Since retiring as prime minister, Mr Blair has been signed up to advise JP Morgan Chase for a minimum of $5m (£2.52m) a year. Some bankers say the advisory role is worth a good deal more. He has also picked up an estimated £5m writing contract for his political memoirs.
Zurich Financial Services, which declined to comment on Mr Blair, is one of the biggest insurance companies in the world, with widespread interests in Britain, including Allied Dunbar. The Swiss company's chief executive, James Schiro, was in Davos last week.
Mr Blair has been a high-profile presence over the past week in Davos, where he has been co-chairing the World Economic Forum annual meeting alongside Jamie Dimon, chairman of JP Morgan Chase.
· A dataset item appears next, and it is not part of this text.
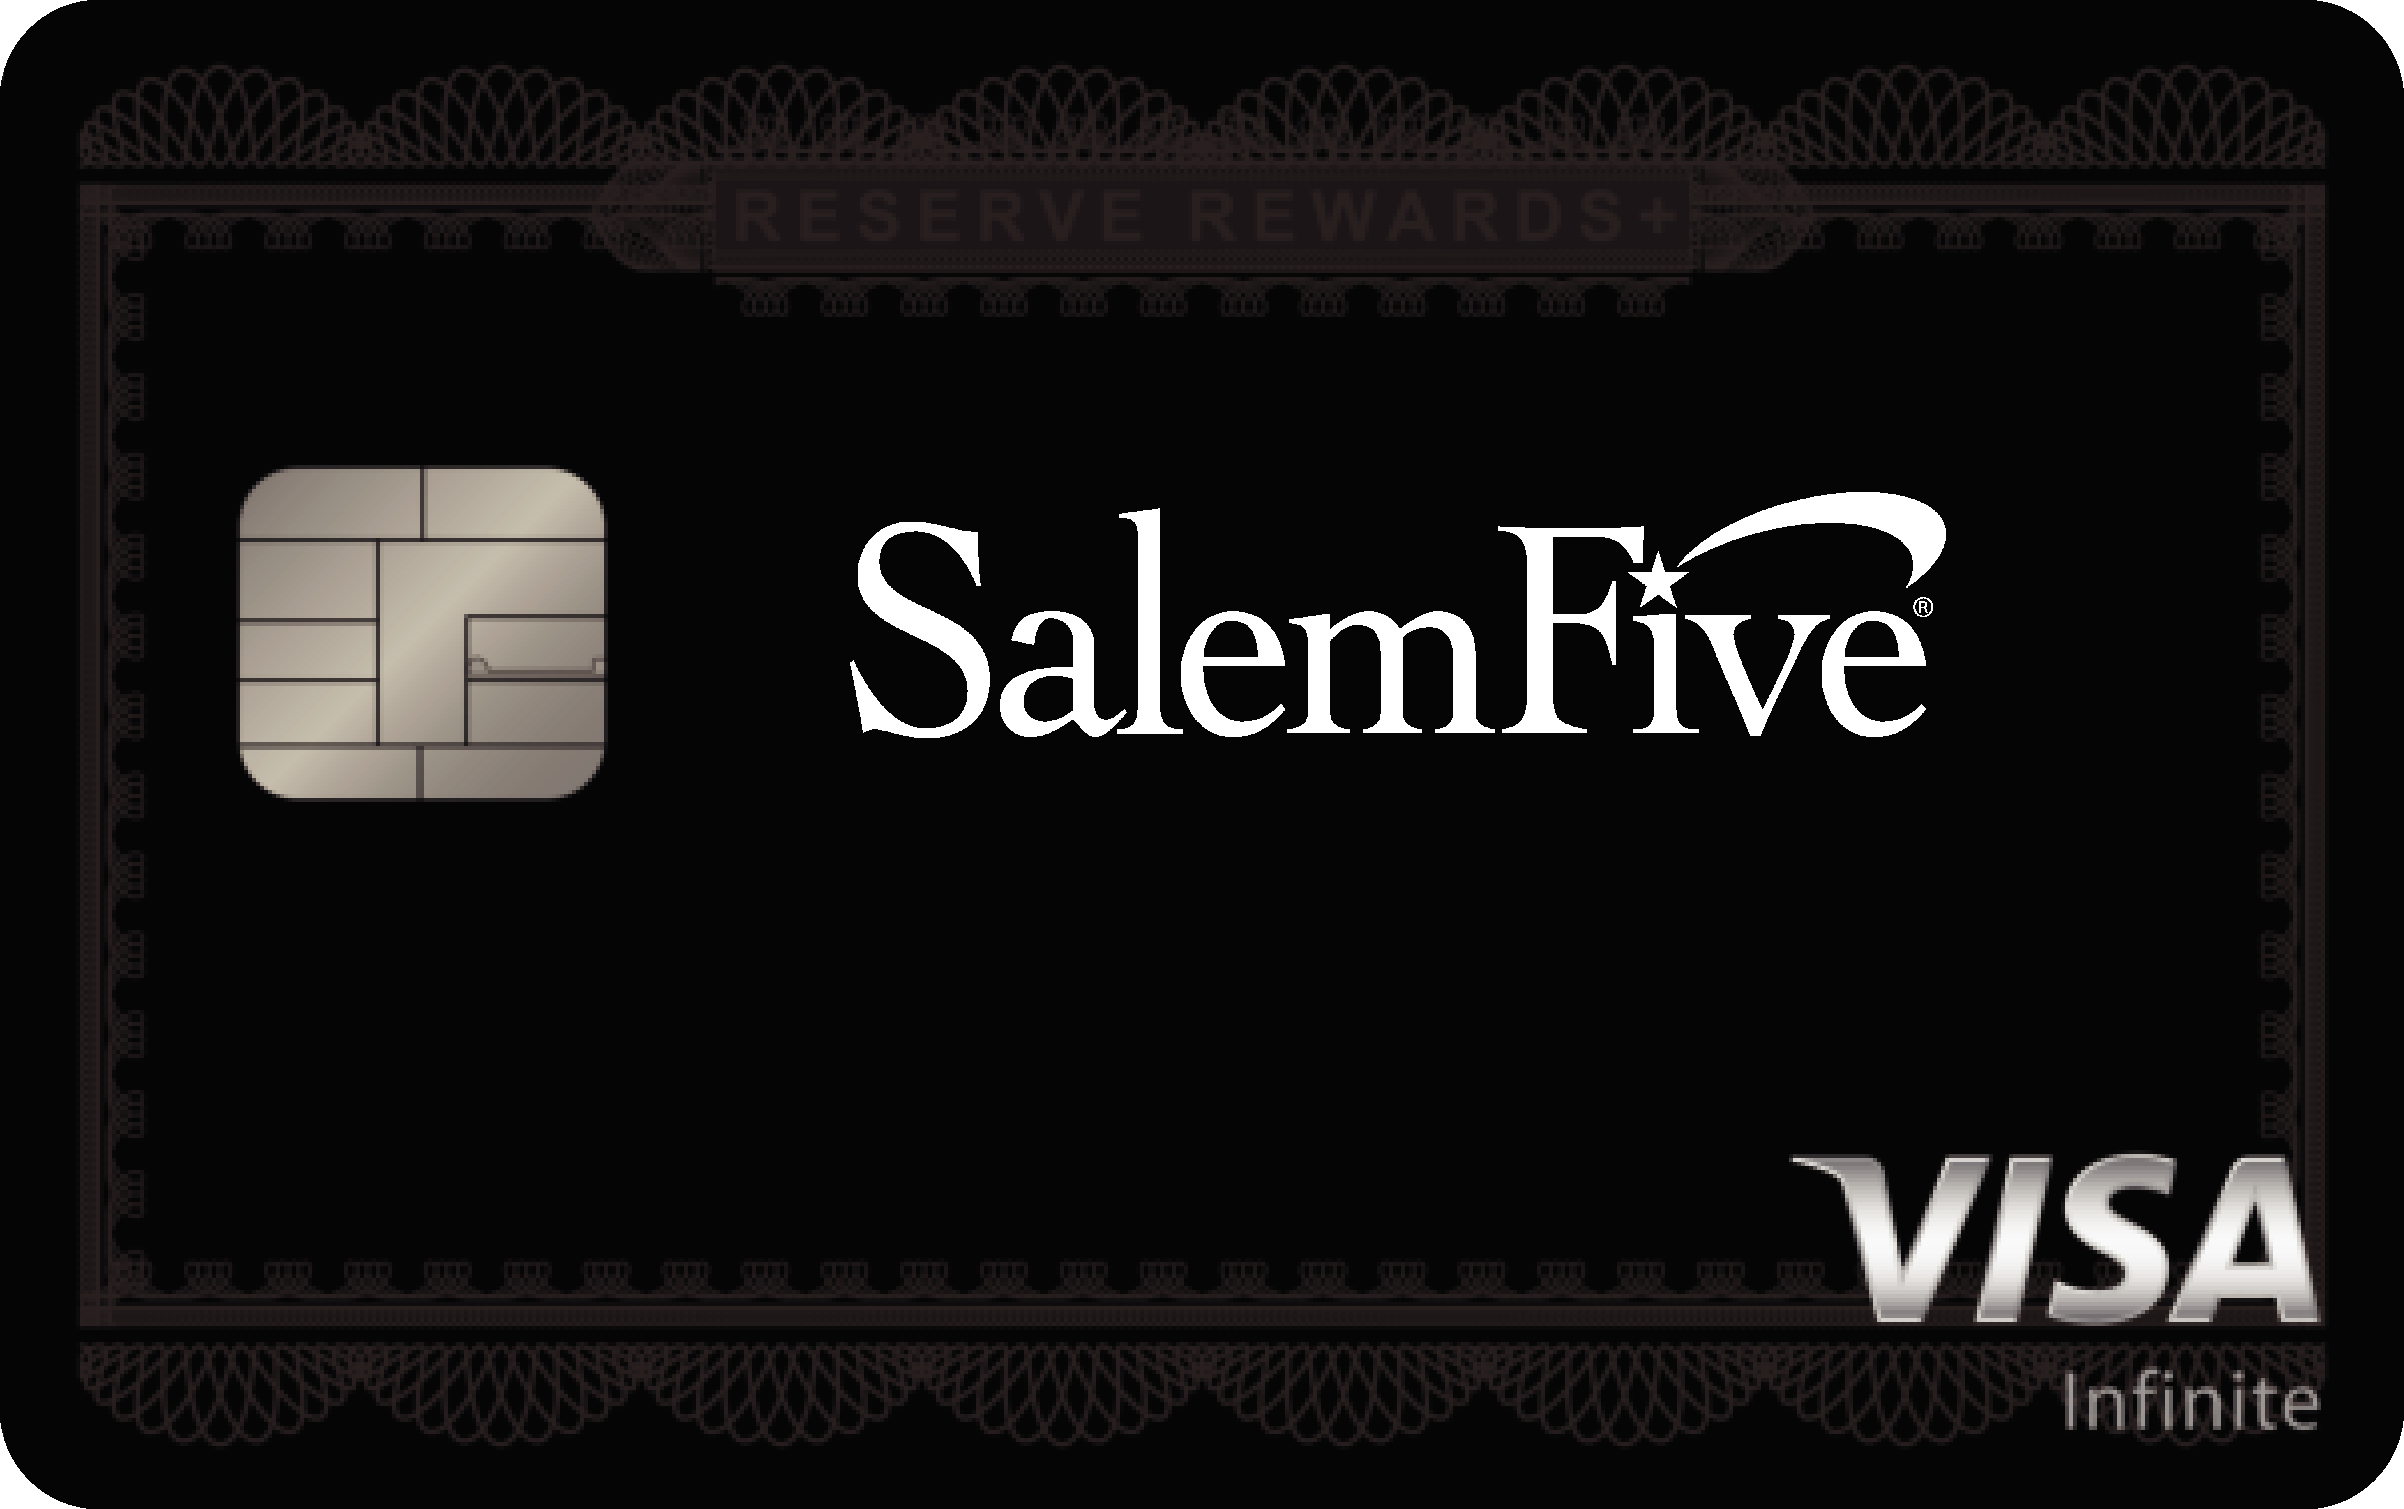 Salem Five Bank Reserve Rewards+ Card
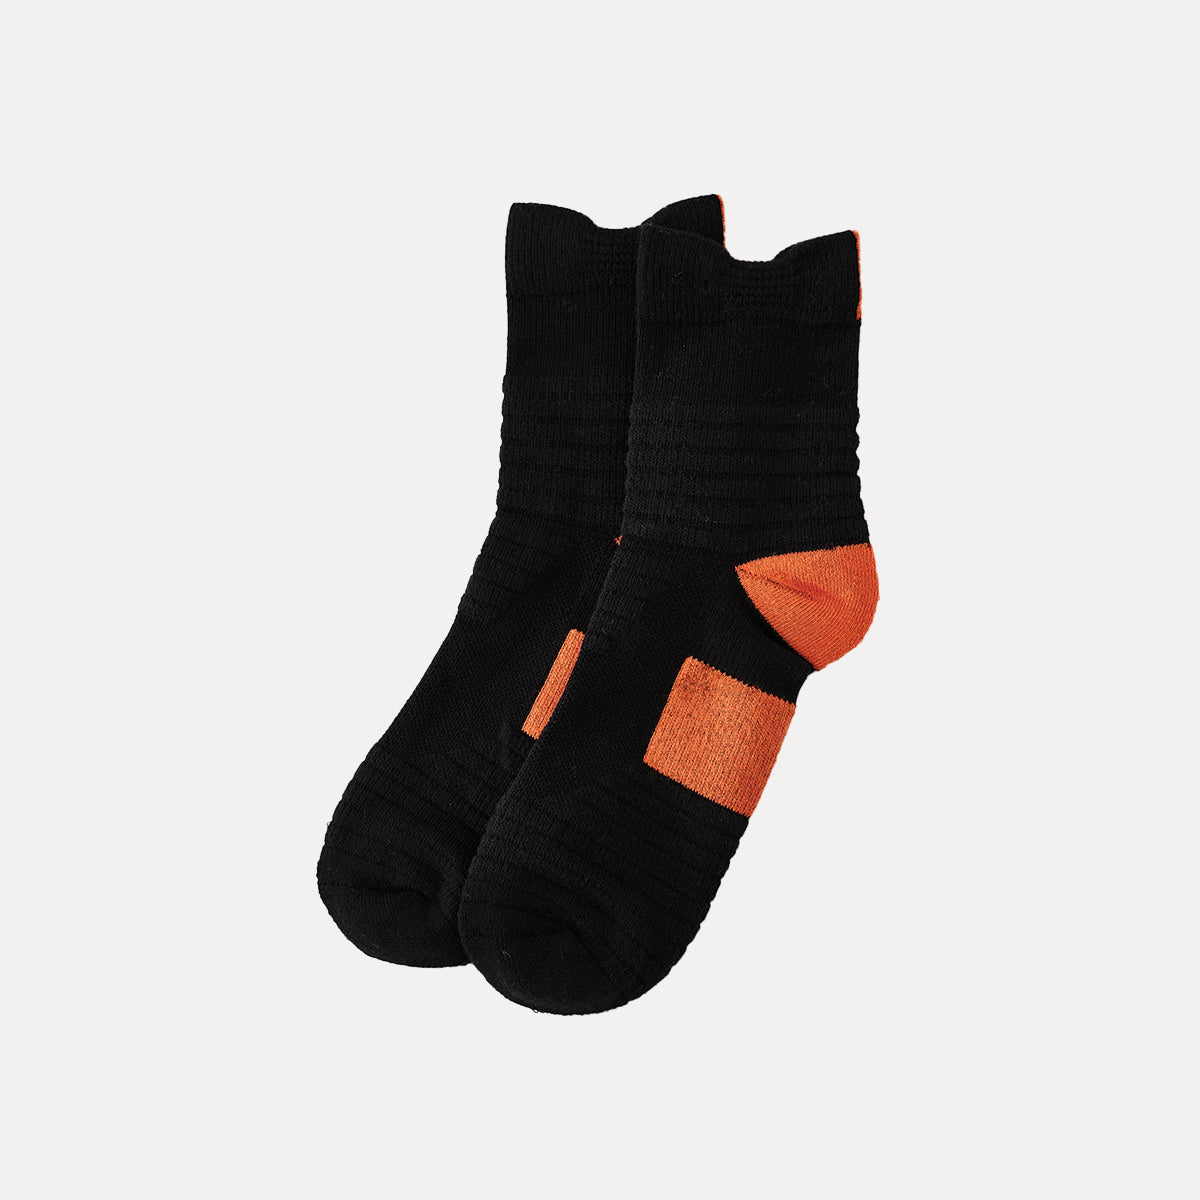 襪子 | ACTIVE 船員襪 - Hi 黑色/橙色

Other co-chairs included KU Kamath, chief executive of ICICI Bank, India's largest commercial bank, and Wang Jianzhou, chief executive of China Mobile.
Concluding a meeting, whose theme was "The Power of Collaborative Innovation", Mr Blair said: "Globalisation is forcing change in how people collaborate in a fundamental way. If we are integrated, and the world is integrated, the only way for the world to work is to have a set of common values. We have no option but to work together."
Mr Blair's predecessor as prime minister, Sir John Major, accepted lucrative private sector work after leaving office, working for Carlyle Group, the US private equity giant.
The appointment of former heads of government to such positions is controversial because they are hired for the contacts they made while in political office and the access and influence they might still command.